| Collected data |
○ ○ ○ ○ ○ ○ ○
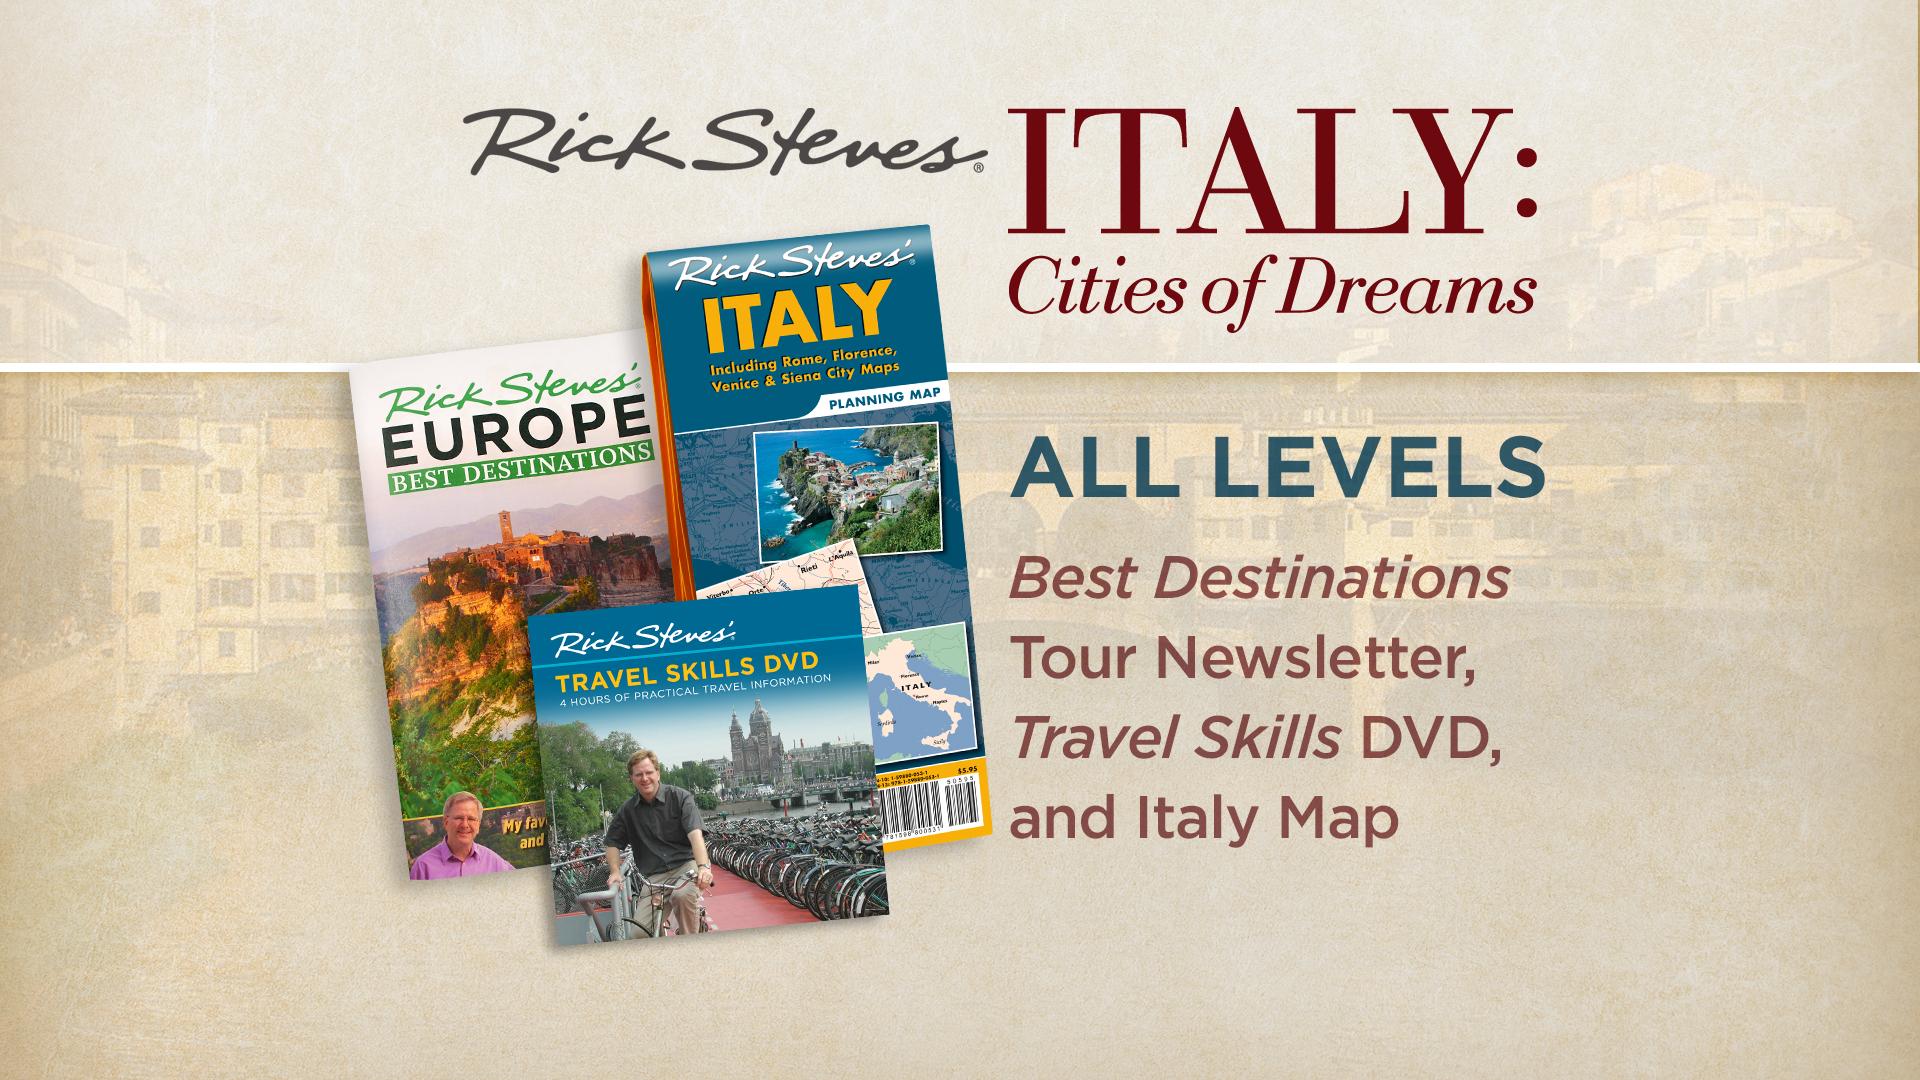 Cities of Dreams 4.jpg
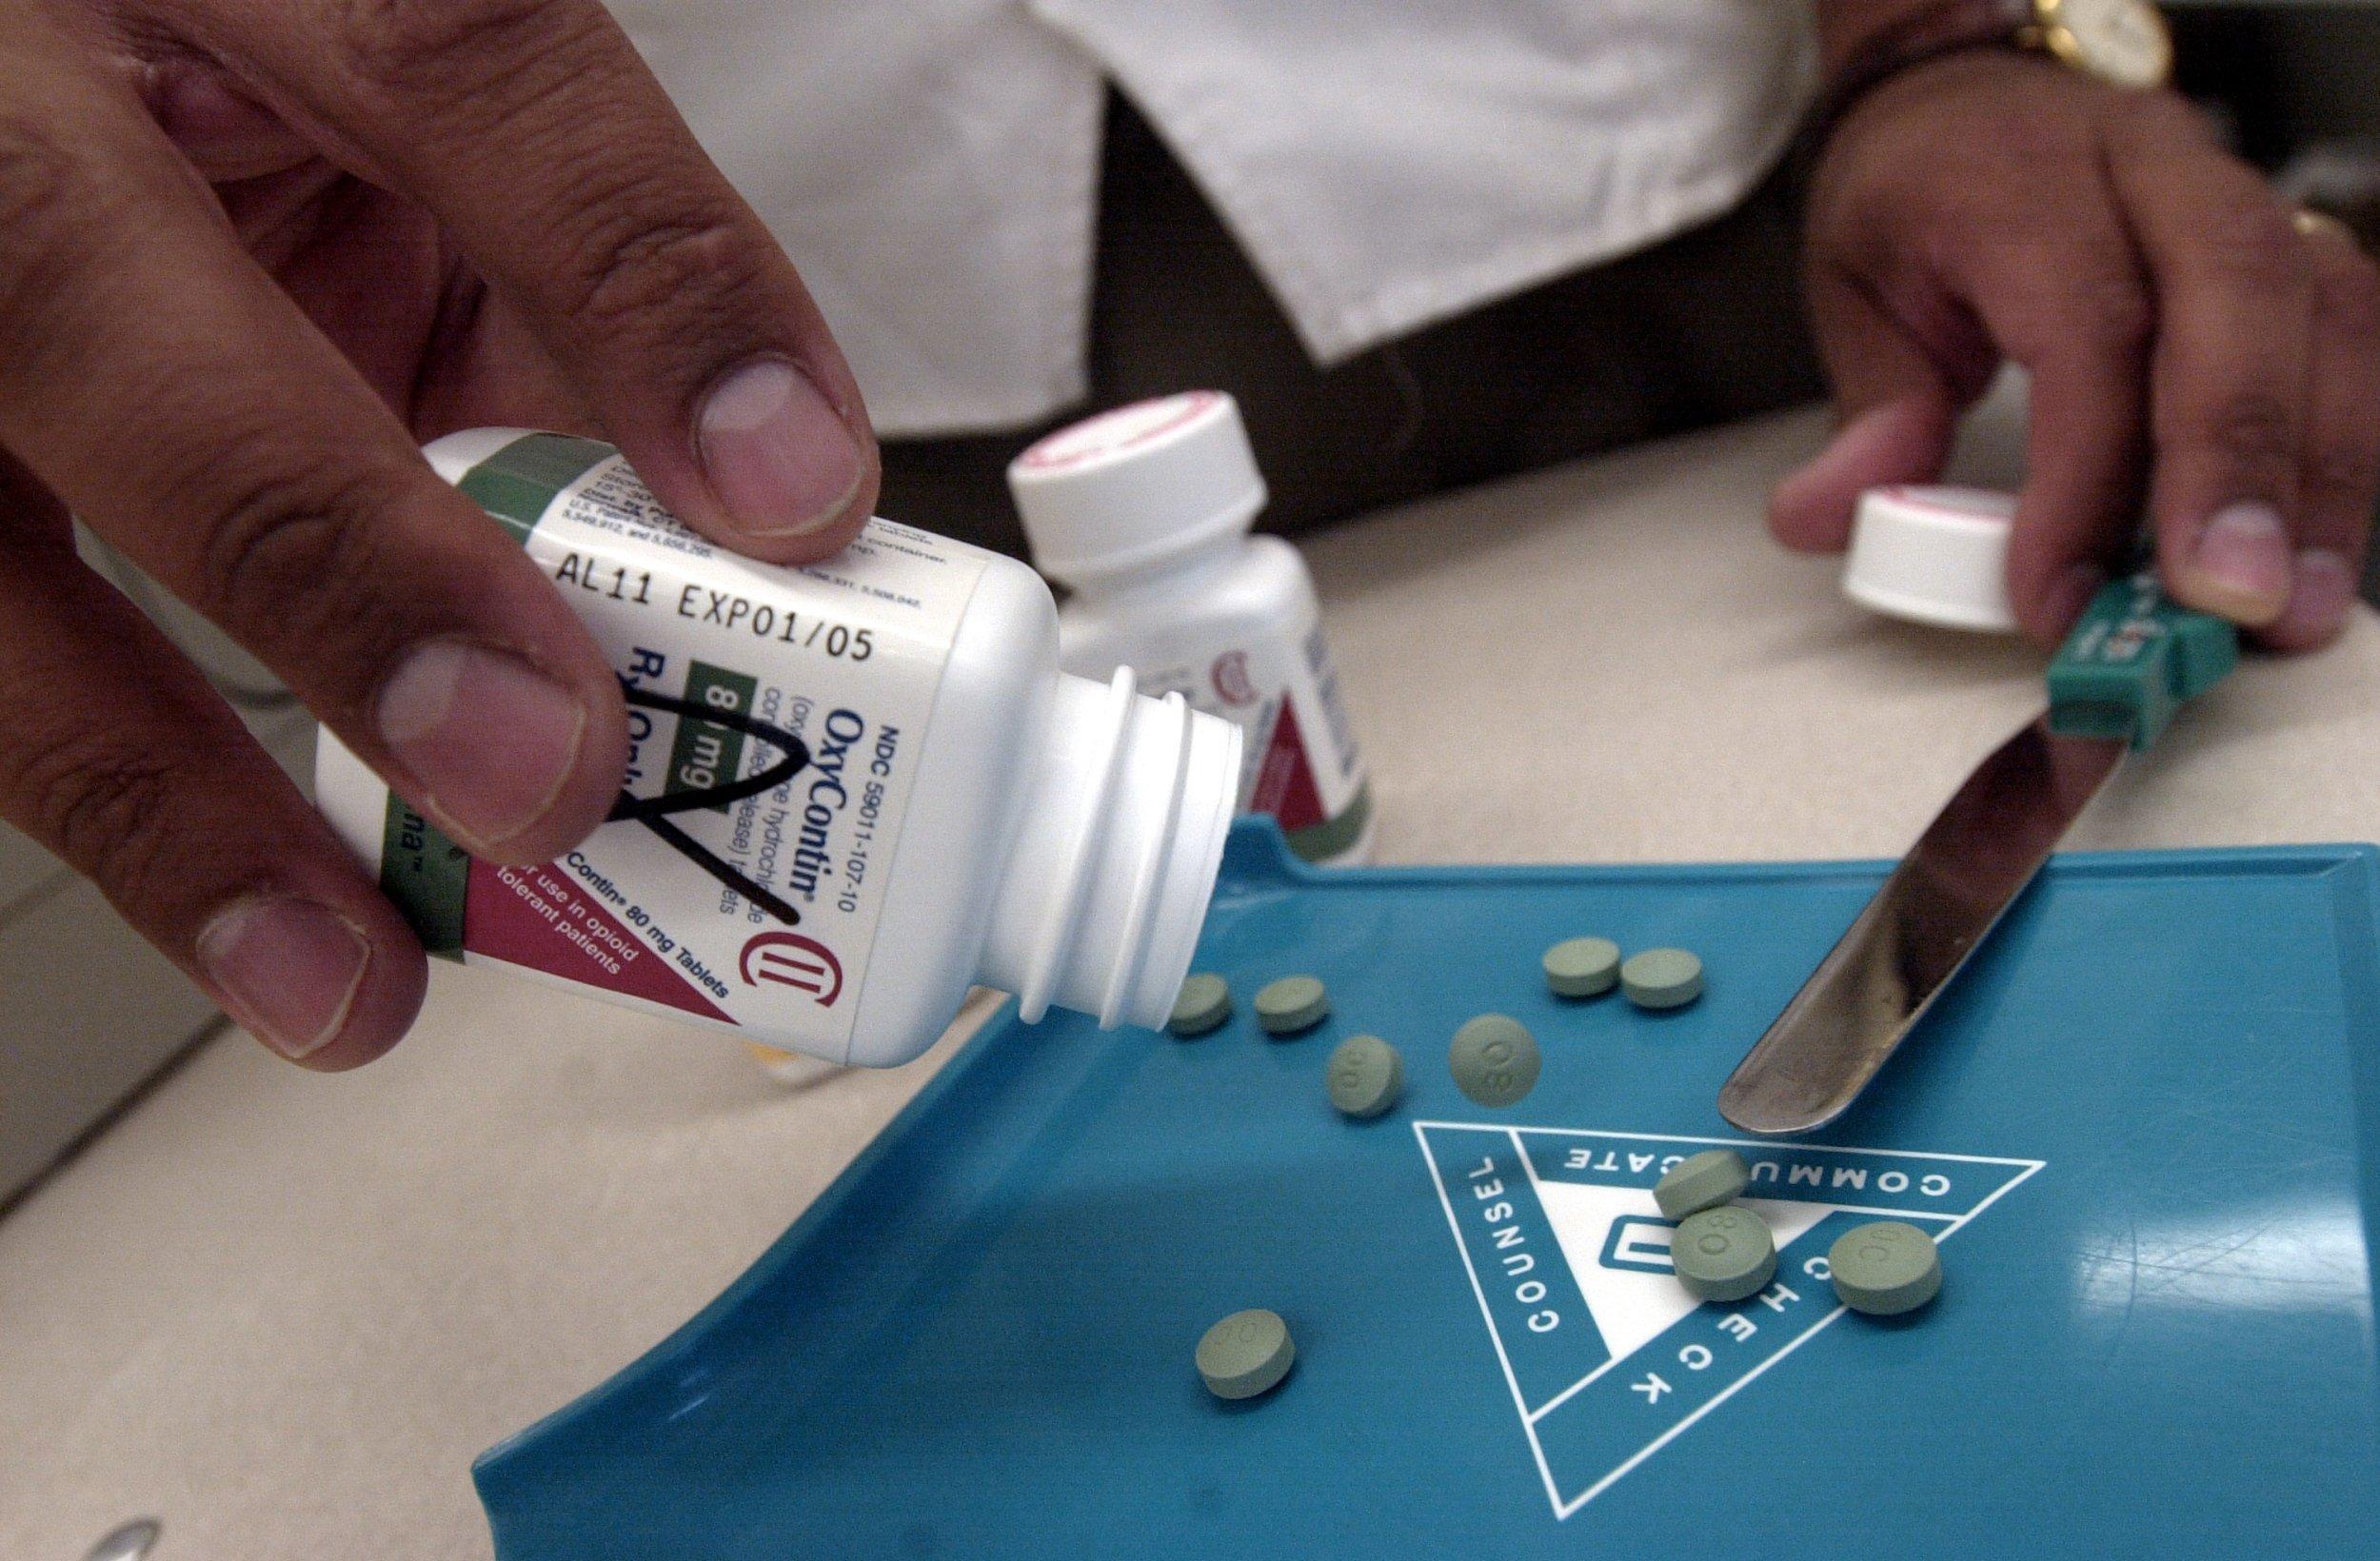 Oxycontin pills 2001
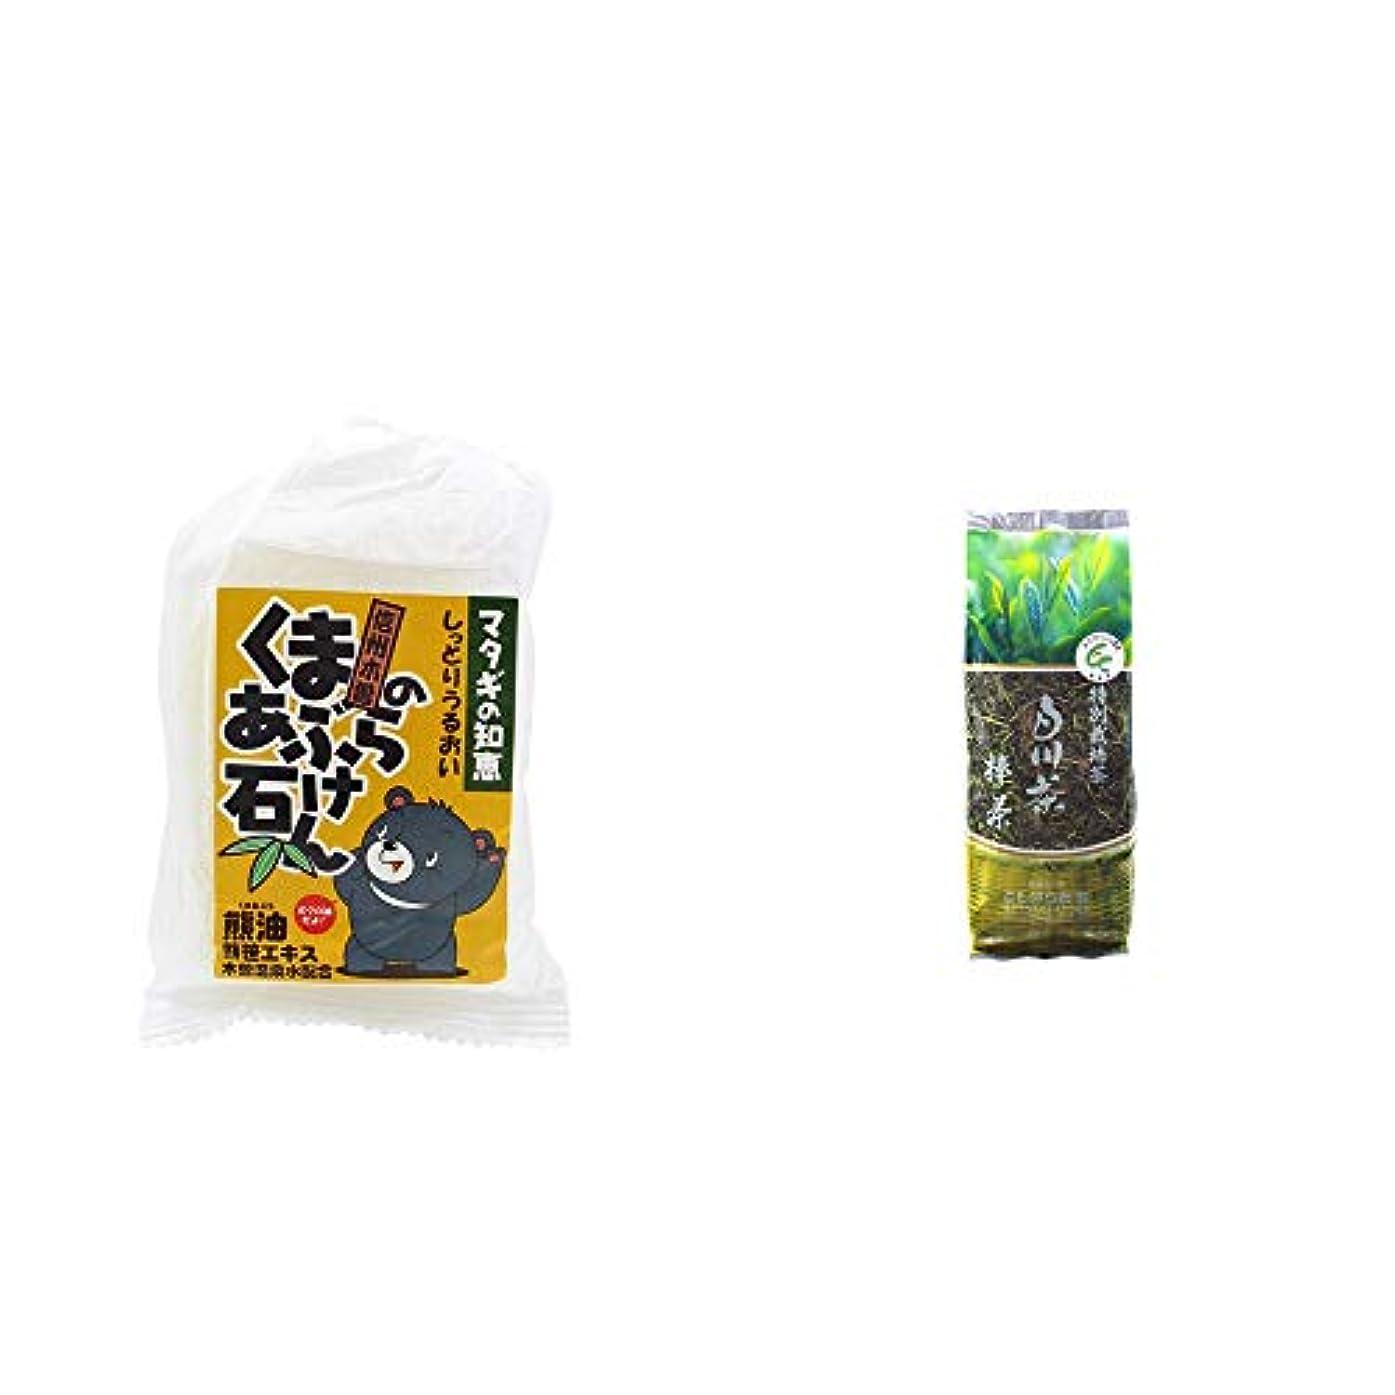 広告中絶ニンニク[2点セット] 信州木曽 くまのあぶら石けん(80g)?白川茶 特別栽培茶【棒茶】(150g)
○ ○ ○ ○ ○ ○ ○
| Your objective |
The expected answer is the line with "Oxycontin pills 2001" followed by every remaining line of the listing, each restated exactly, with all pictures dropped.

| Written solution |
 Oxycontin pills 2001
 広告中絶ニンニク[2点セット] 信州木曽 くまのあぶら石けん(80g)?白川茶 特別栽培茶【棒茶】(150g)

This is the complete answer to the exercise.